▶ Records from a data source
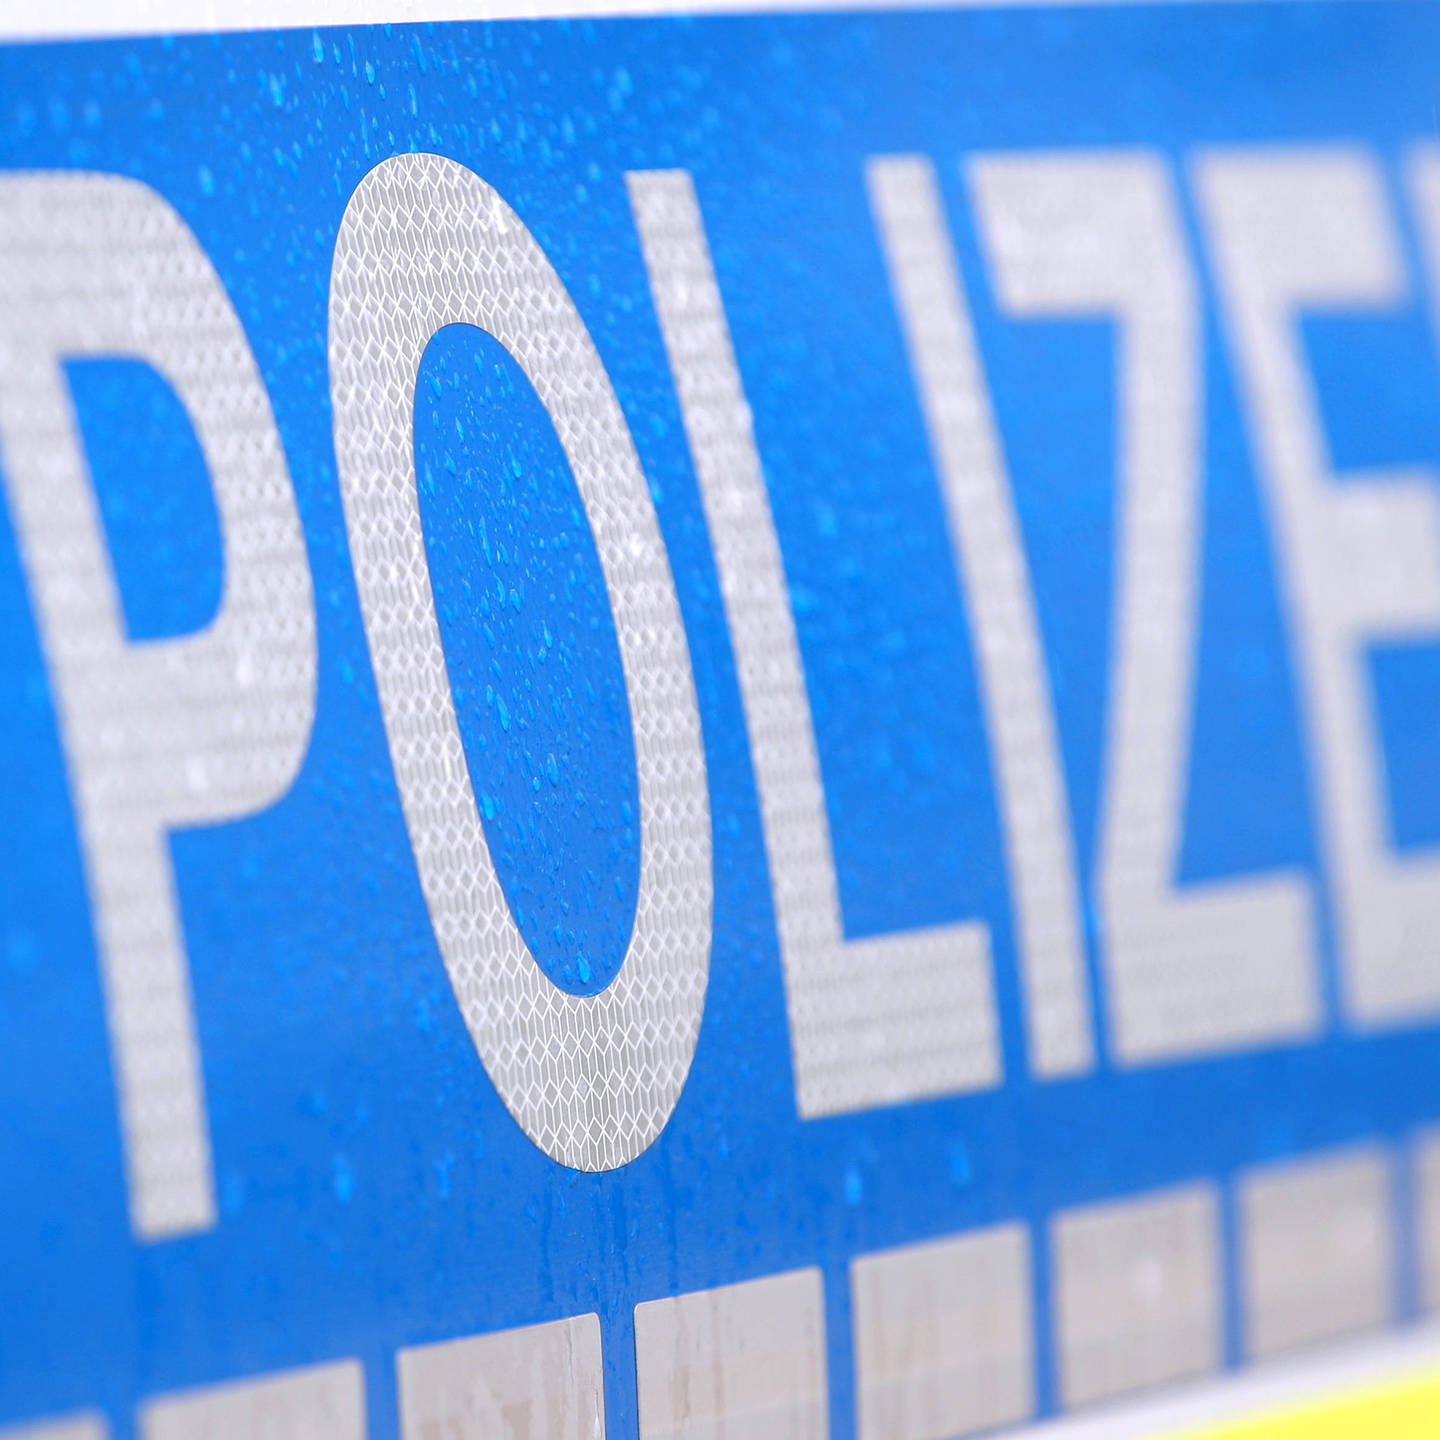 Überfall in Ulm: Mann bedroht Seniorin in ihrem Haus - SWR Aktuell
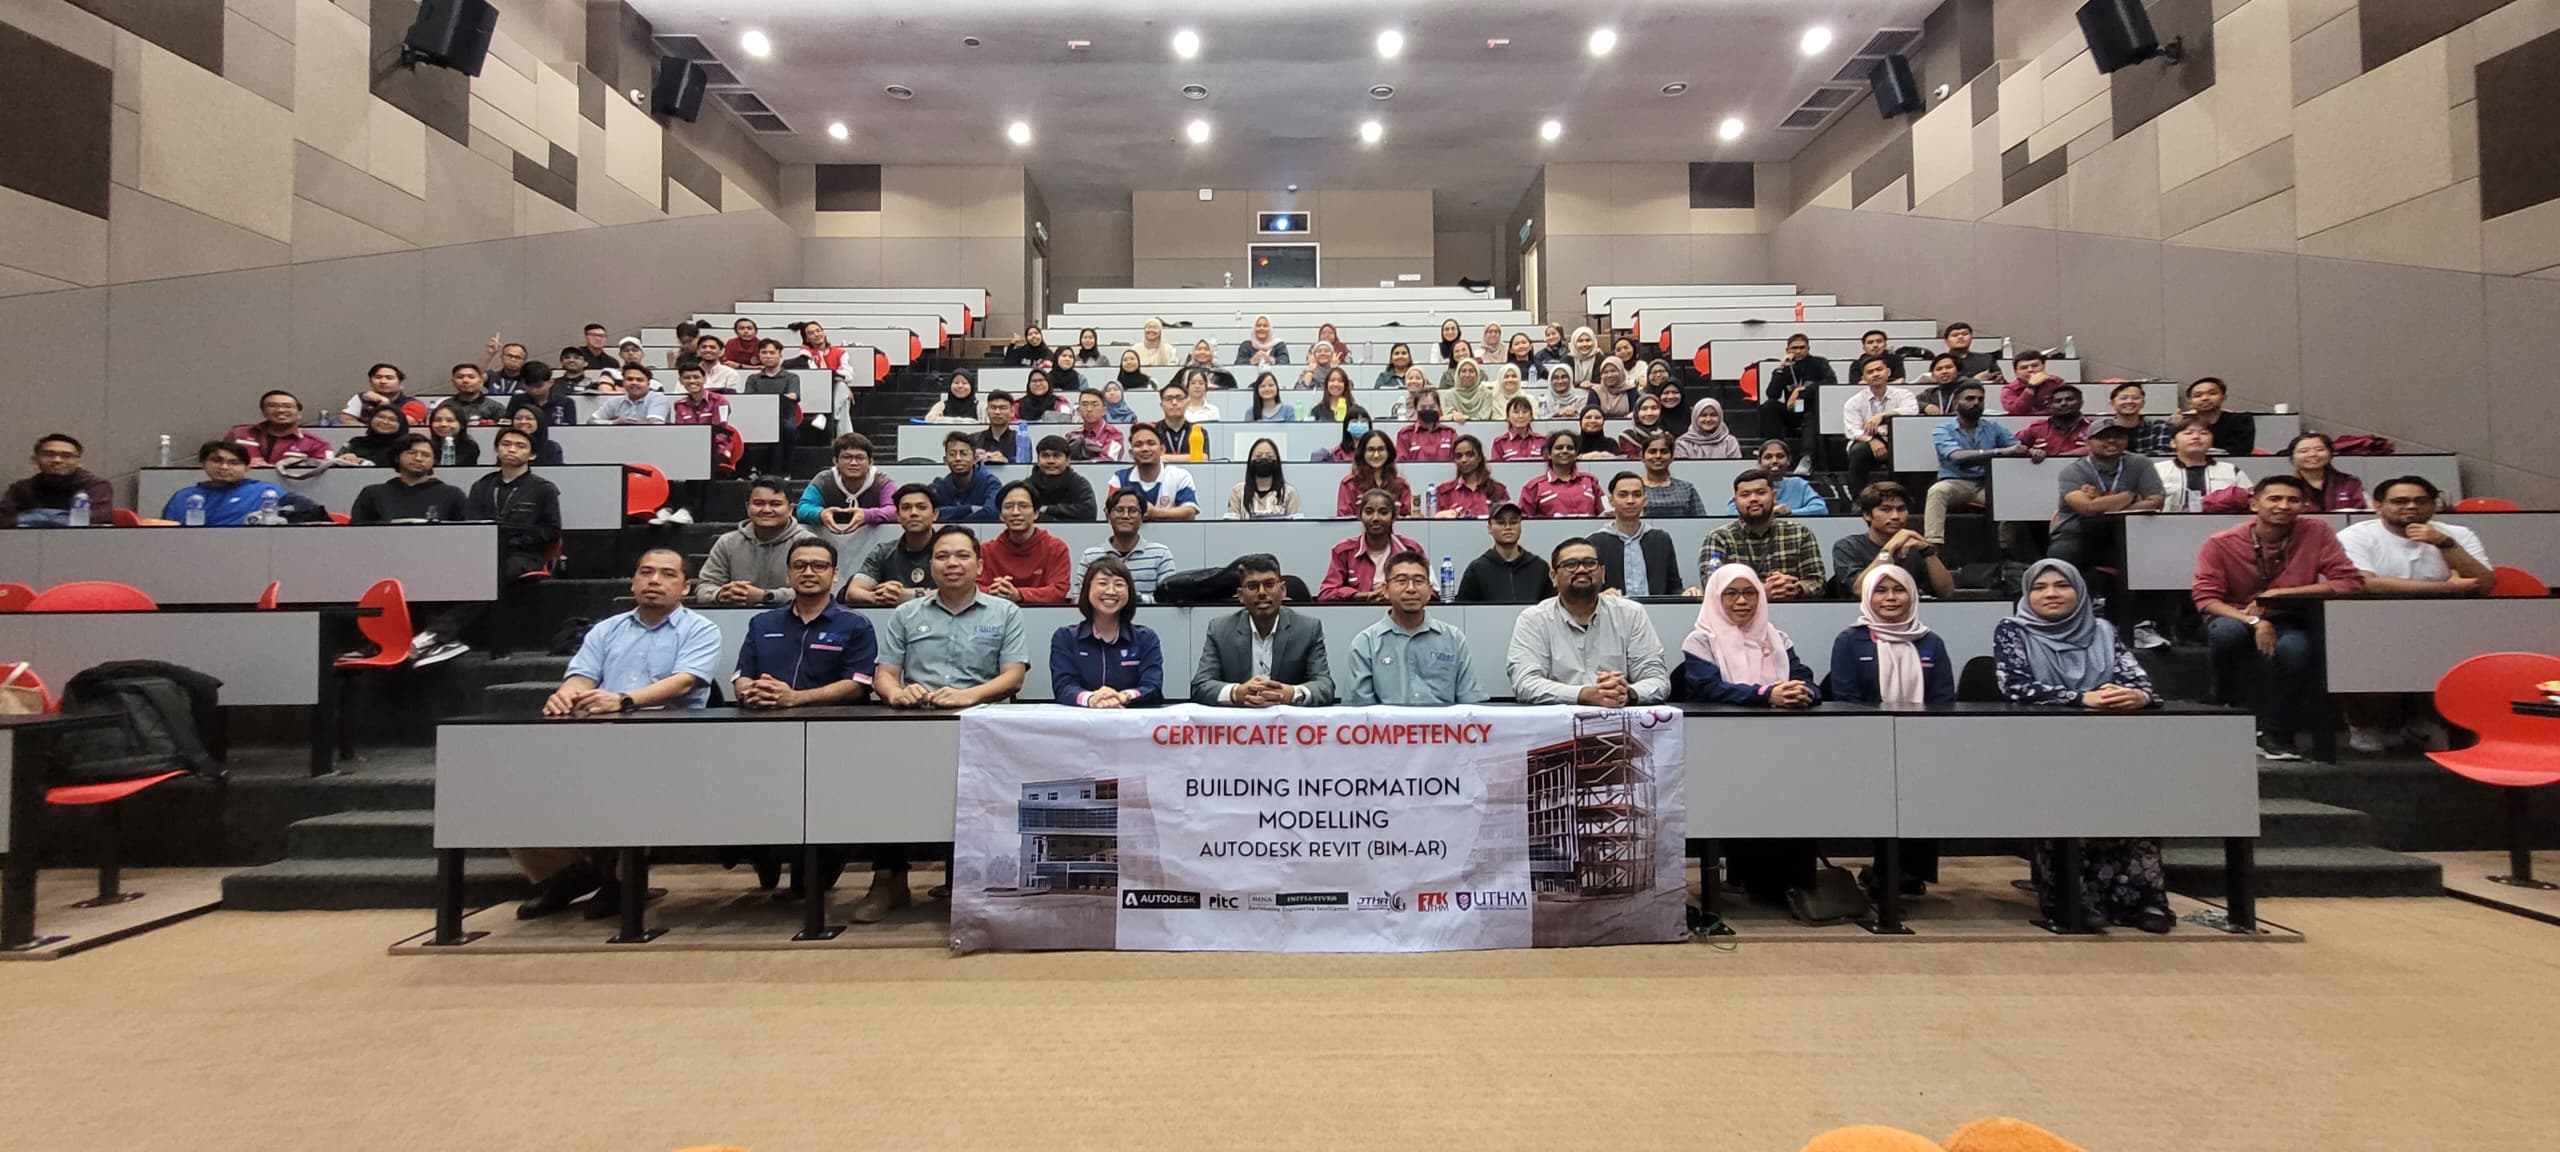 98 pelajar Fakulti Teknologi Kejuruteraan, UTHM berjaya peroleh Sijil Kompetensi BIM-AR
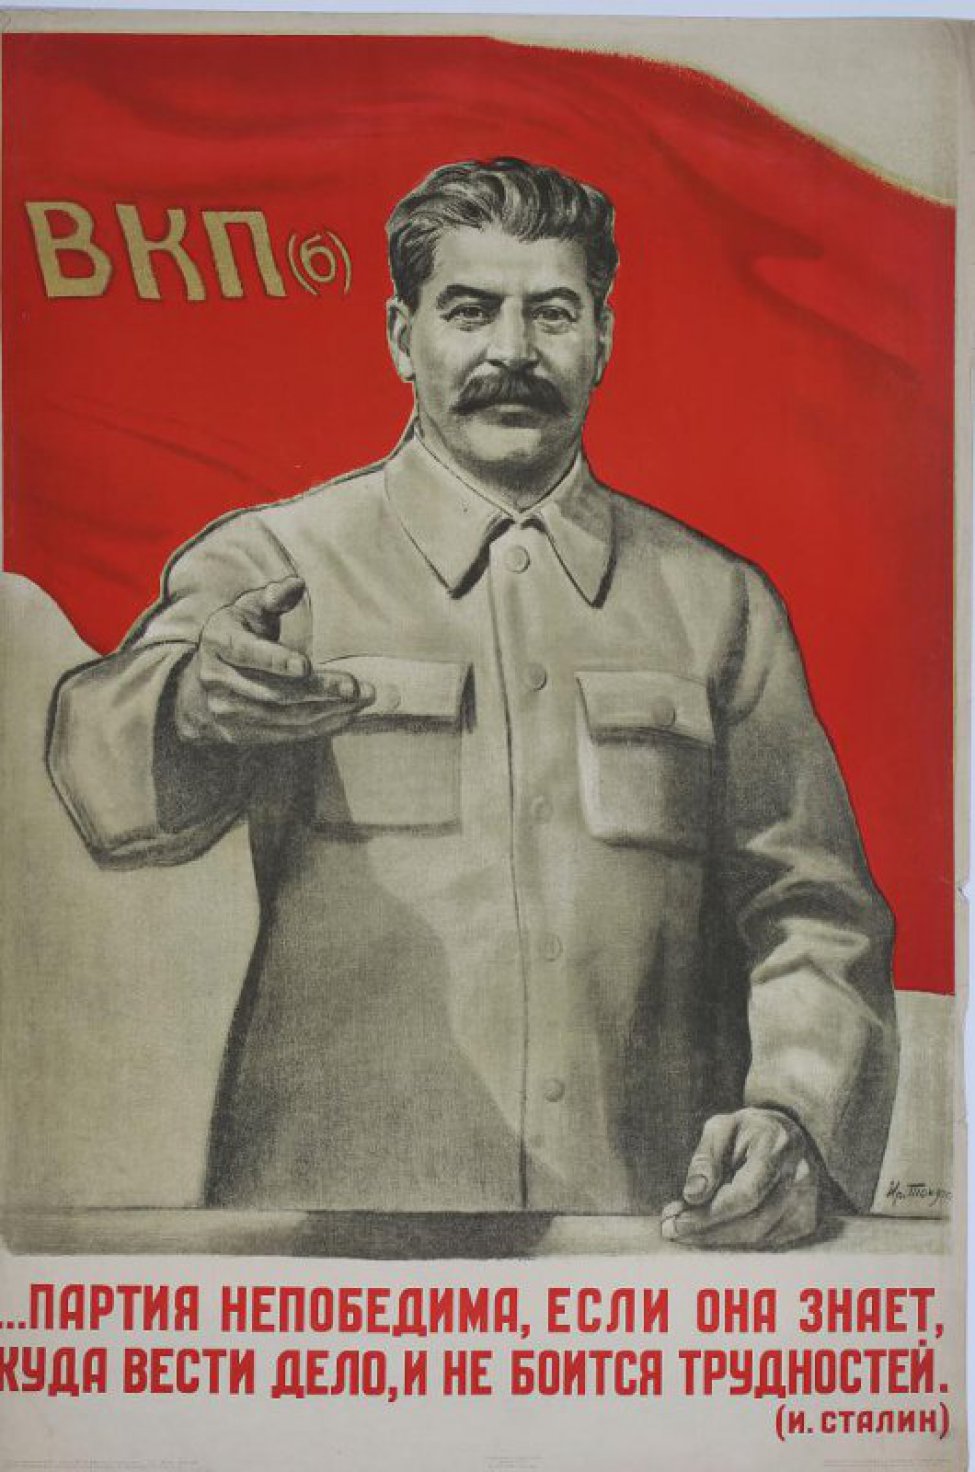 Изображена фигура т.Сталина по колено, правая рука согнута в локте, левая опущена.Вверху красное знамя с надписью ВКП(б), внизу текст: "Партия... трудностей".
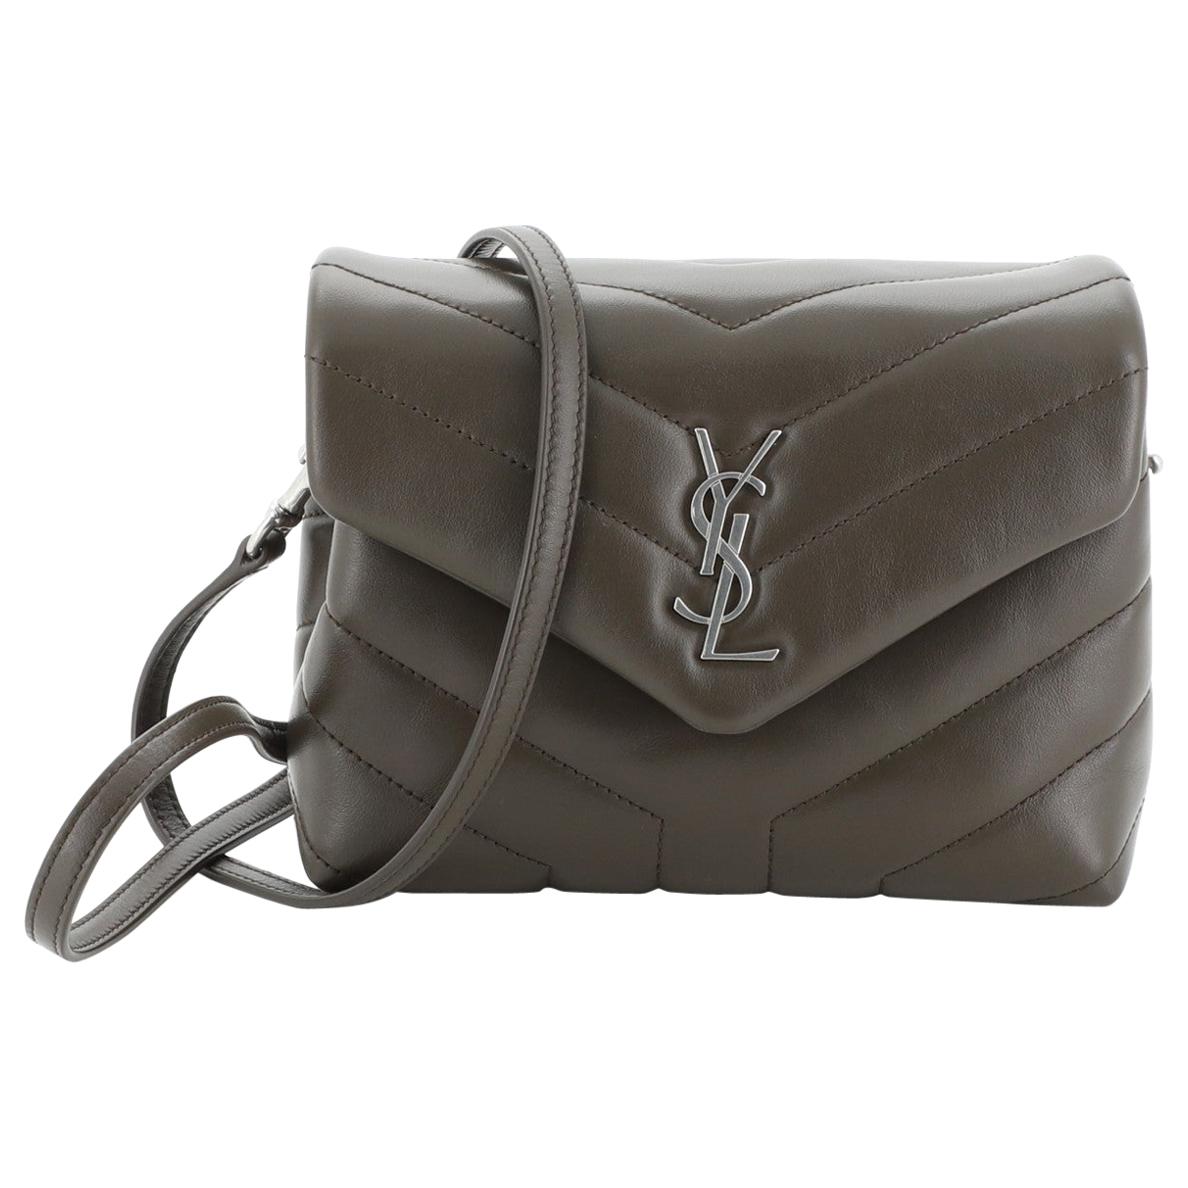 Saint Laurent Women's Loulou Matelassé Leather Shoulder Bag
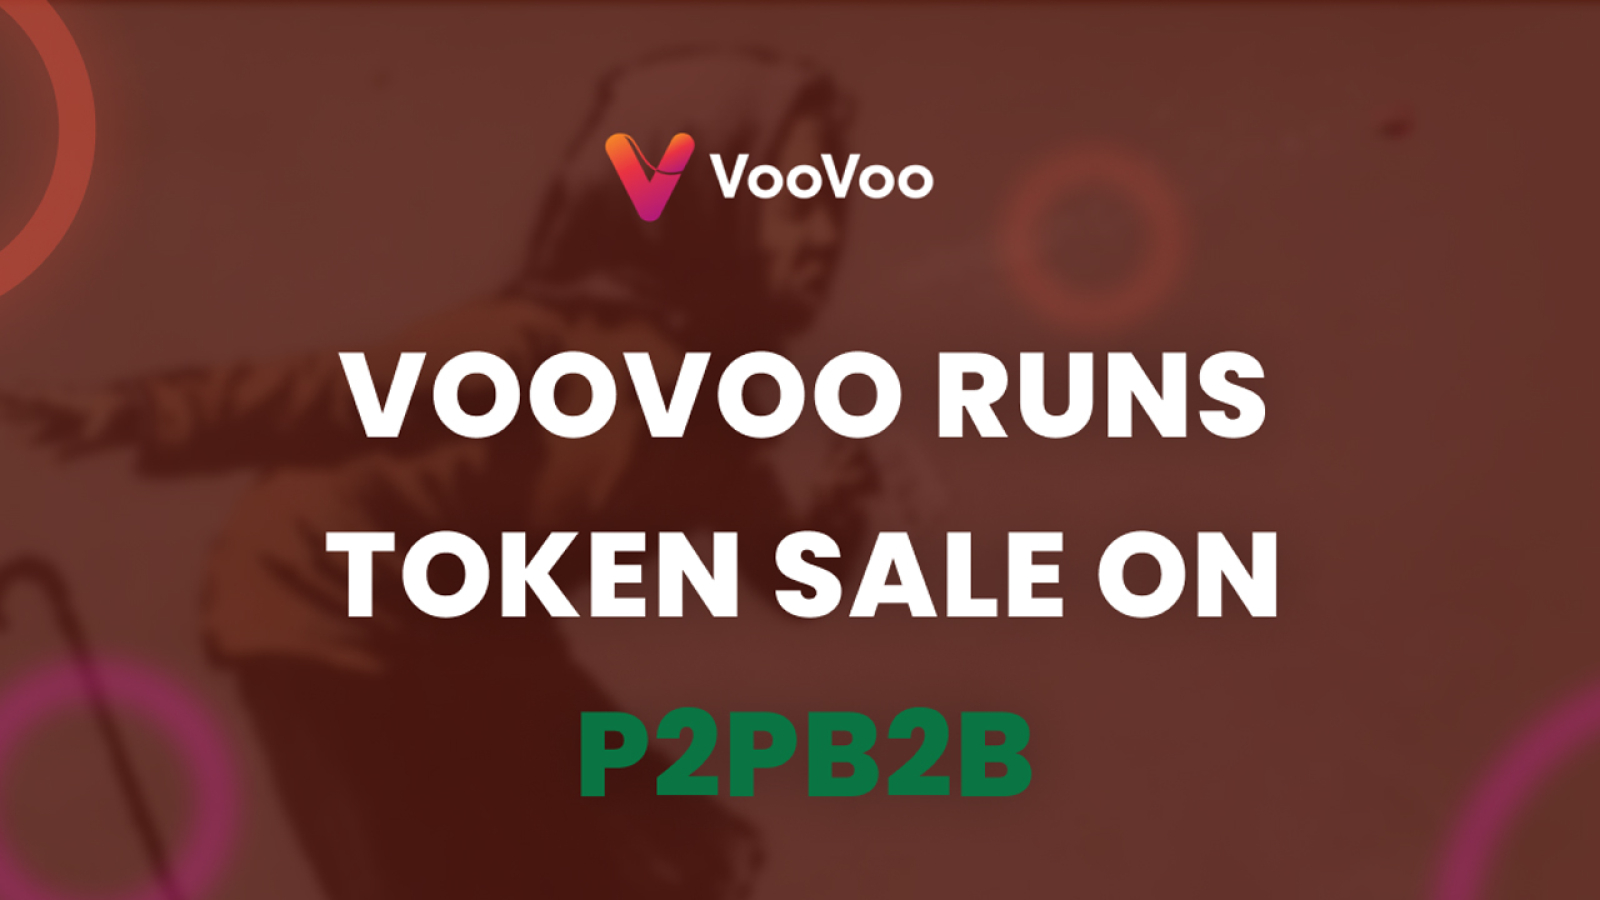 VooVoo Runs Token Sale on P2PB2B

▶ Task directions
An exact restatement of the lines from the one holding "98 pelajar Fakulti" through the end of the entries, both ends included, is the whole answer. Pictures stay out.

▶ Result of this task
 98 pelajar Fakulti Teknologi Kejuruteraan, UTHM berjaya peroleh Sijil Kompetensi BIM-AR
 Изображена фигура т.Сталина по колено, правая рука согнута в локте, левая опущена.Вверху красное знамя с надписью ВКП(б), внизу текст: "Партия... трудностей".
 Saint Laurent Women's Loulou Matelassé Leather Shoulder Bag
 VooVoo Runs Token Sale on P2PB2B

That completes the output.